Before I can spend too much time imagining Bryce’s smirking face from beyond the grave, I trudge to the shed to grab replacement shear bolts and my tools. It takes me nearly half an hour to remove the broken parts and replace them. The blades are damaged, but they’ll work well enough for now. I use my hatchet to cut Bryce’s bone above the titanium plate and de-flesh it, and then I start the motor back up and toss the rest of the leg into the hopper. This time, it goes as planned. But I’m still too rattled from the near-catastrophe of a badly broken Cookie Monster to feel much peace as I watch the last remnants of Bryce Mahoney’s body splatter across the tarp.
When nothing further flies from the curved spout, I turn everything off. As I kneel next to the pile, a familiarcaw cawdraws my attention to the tree near the garden gate. I glance toward a black shadow hidden among the branches. “Om nom nom.Feed me,” the raven demands.
“Give me a minute,” I say. But the raven only caws and repeats his request, his voice a near-perfect replica of my own. Turns out, when you hand-raise an orphaned raven, it’s incredibly easy to train it to speak with a little fresh meat. The only downside is that they’re very persistent when they spot something they want. “You know it’s coming. Settle down or you’ll attract the gulls.”
With a gloved hand, I scoop up some of the mess and take it to the bird feeder, a black platform with Gothic pillars to hold up a peaked roof. I made it just for Morpheus, who hops down to the stone wall that surrounds the garden to watch my every move, his inky feathers glistening in shades of black and indigo and deep forest green. I deposit the ground flesh and bone on the platform. I’ve barely taken two steps back before Morpheus lands on the feeder to dive beak-first into the muck. There’s harmony in it. A shitbag person nourishing a wild creature. There’s something in the closure of that loop that brings me a moment of peace.

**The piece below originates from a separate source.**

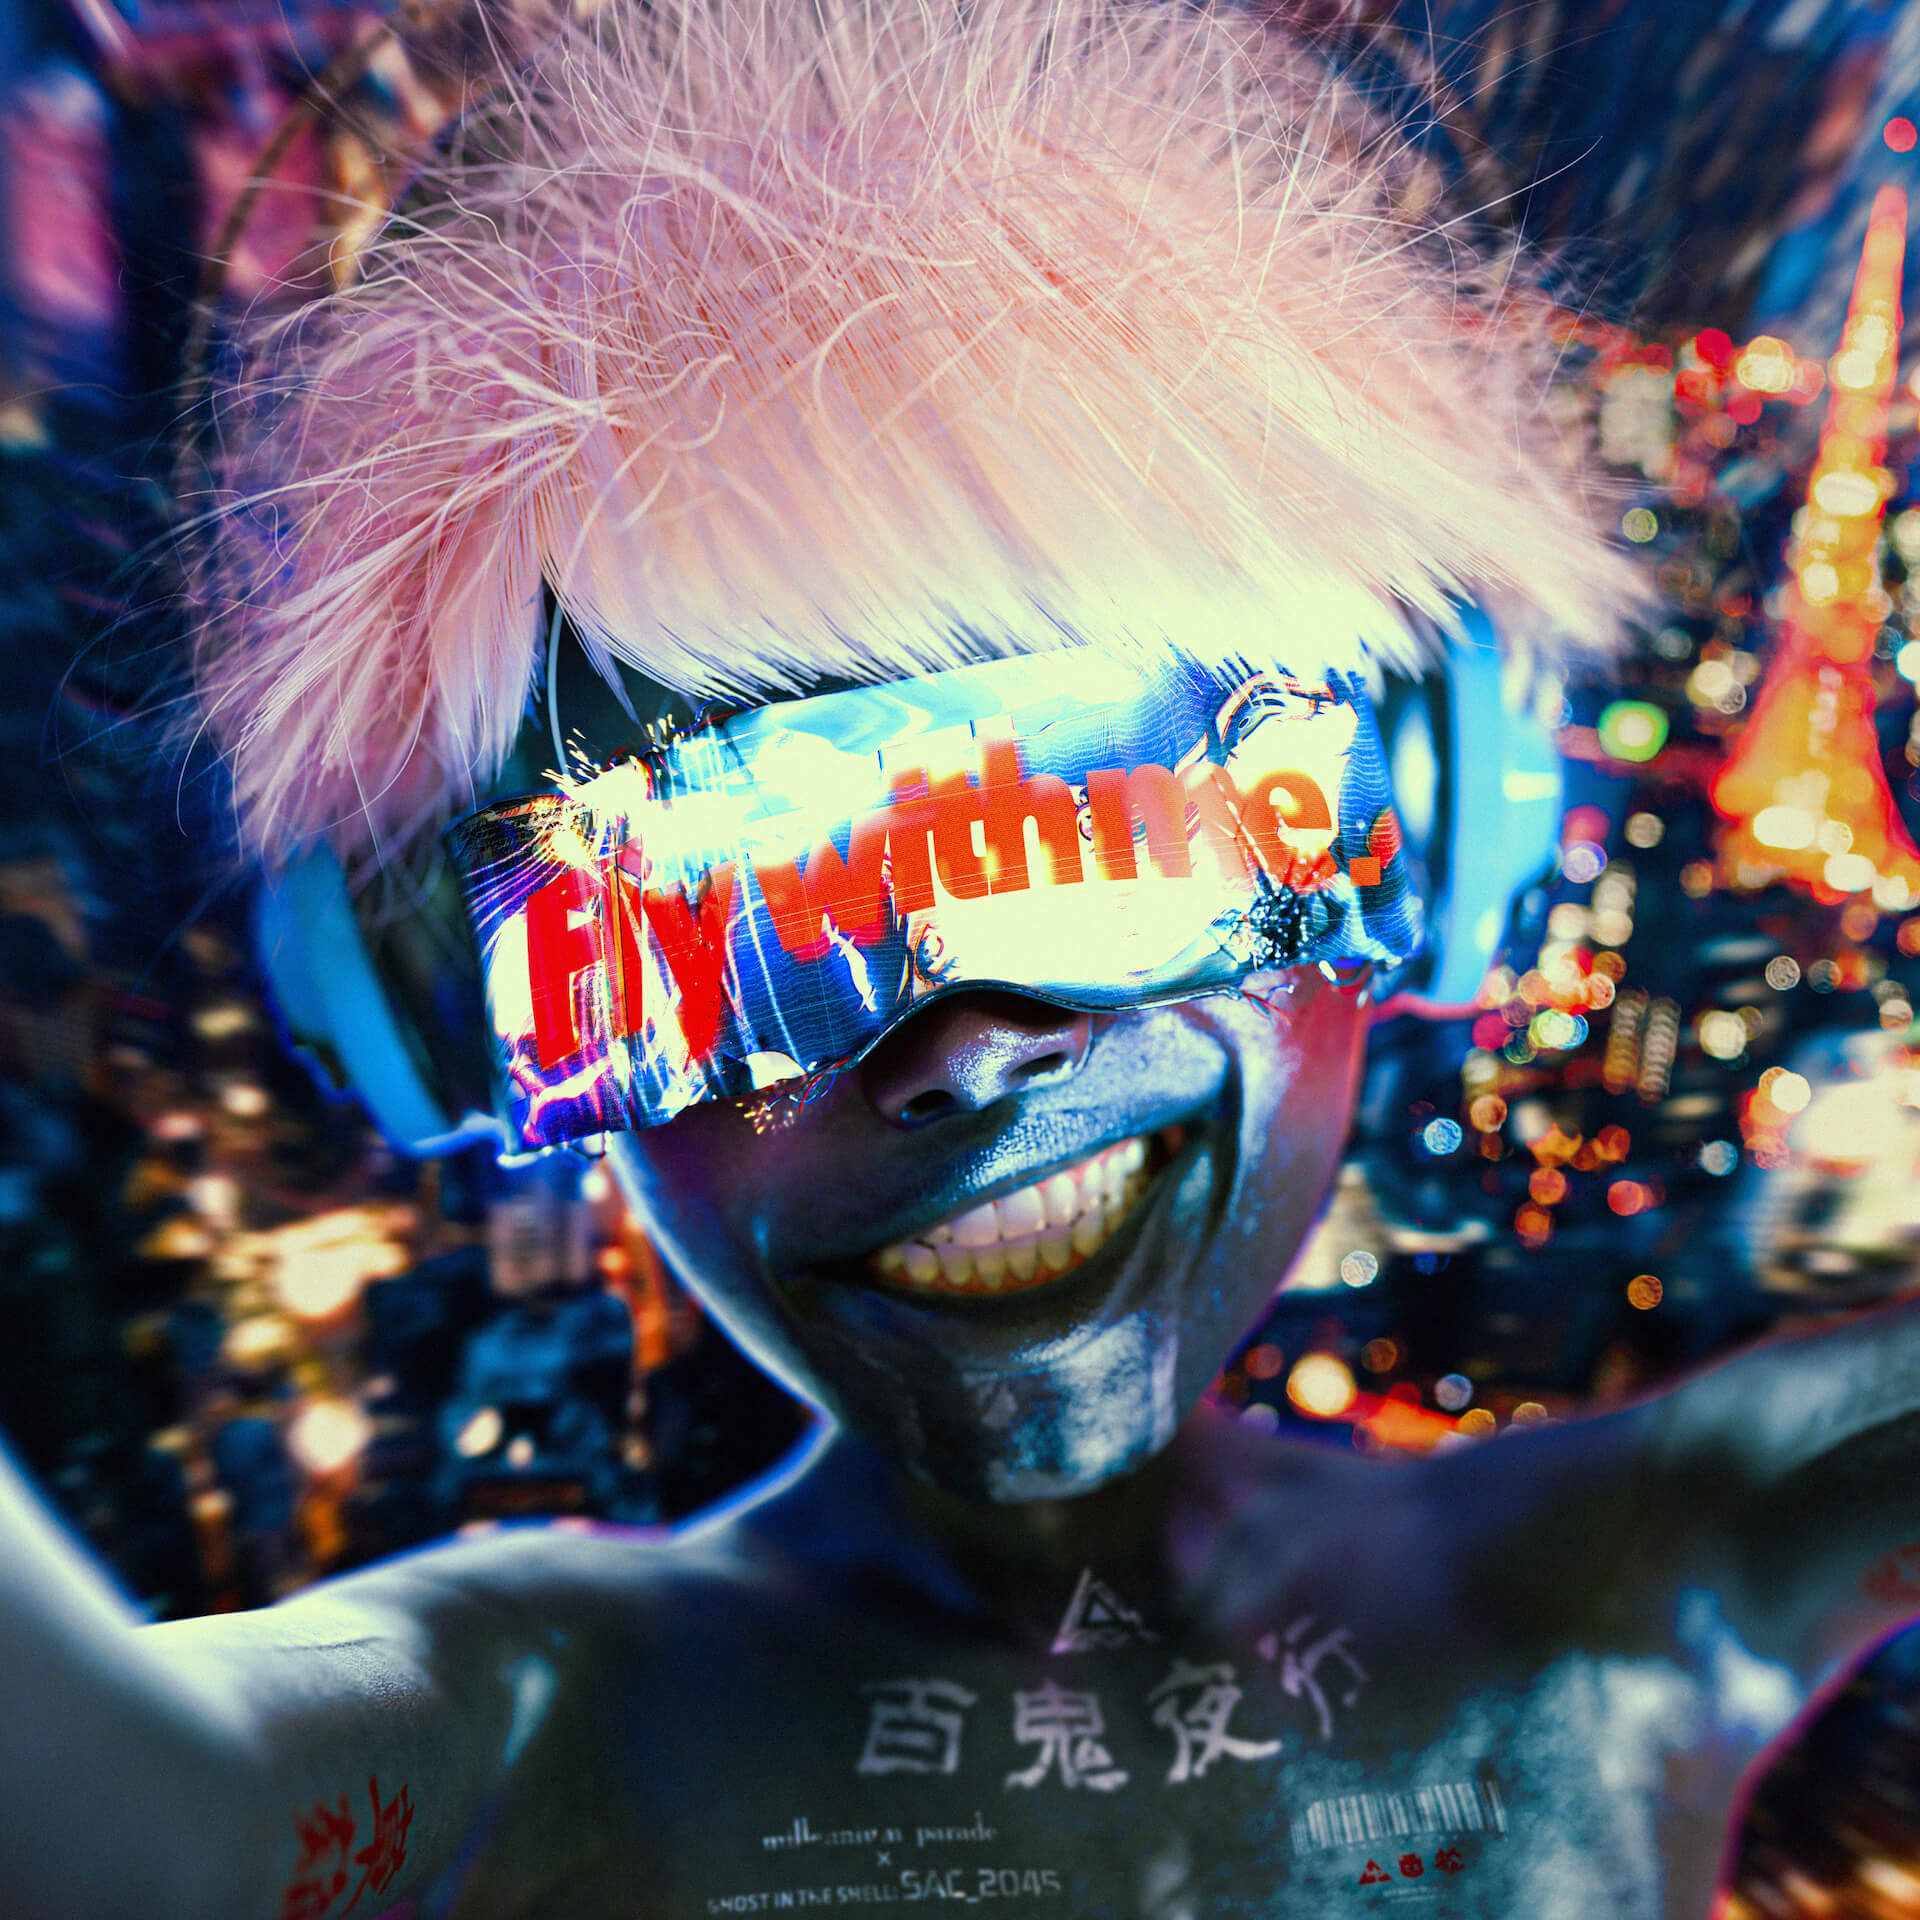 "millennium parade常田大希が電話で生出演!J-WAVE『SONAR MUSIC』で「攻殻機動隊」OPテーマ""Fly with me""初オンエア music200415_millenniumparade_3"

I turn back to the pile that was once Bryce Mahoney and pick up my shovel from where it rests beside the tarp. One shovelful after the next, I unload the slop and shattered bone into the holes I’ve dug in the garden bed, pausing to plant flowers that aren’t yet ready to bloom. Rhododendrons. Irises. Dahlias. Lilies. Before long, the body is gone, buried among the young plants. It will feed them, just like it’s fed Morpheus. Just like it feeds something in me, something that grows hungrier with each season that passes. Something that never stays sated for long.
I clean up my mess. Put away my tools. Spray down the woodchipper with Piss-Off!, which I’m just going to assume works for blood since it bleached my outdoor plastic furniture when I used it on the cat pee from Doug, the neighborhood stray. I take the remaining piece of Bryce’s leg bone inside my cottage, wrap it in tinfoil, and place it in the fridge, and then I head upstairs. It’s not until the shower is on and heating up that I get a good look at my reflection. There are smears of blood and dirt on my face. There are bits of Bryce in my hair, gleaming among the dark strands. I look feral. Much like I did the day I got away from that house of horrors where the vultures watched from the tree. I was all wild eyes and broken heart. I might be more settled now than I was back then, less haunted by fear and raw grief, but there’s still something reckless in my reflection. Like I could take off at any moment and run into the untamed corners of the world, never looking back.
But I’m determined not to. This is my safest place. Stumbling upon Cape Carnage after trying and failing to wander away from my grief was like discovering a magical portal to a land where I could become whoever I wanted to be. Maybe not a fresh start, but as close to one as I could ever hope to find. It’s my home now. And I’m needed here.
I lean closer to the mirror, closing in on myself until my breath fogs the glass. I press my bangs back from the fair skin of my forehead. There’s a thin band of lighter hair before it transitions to brown so dark it’s almost black. Blond roots. Sometimes, it feels as though my body is fighting who I’ve decided to become.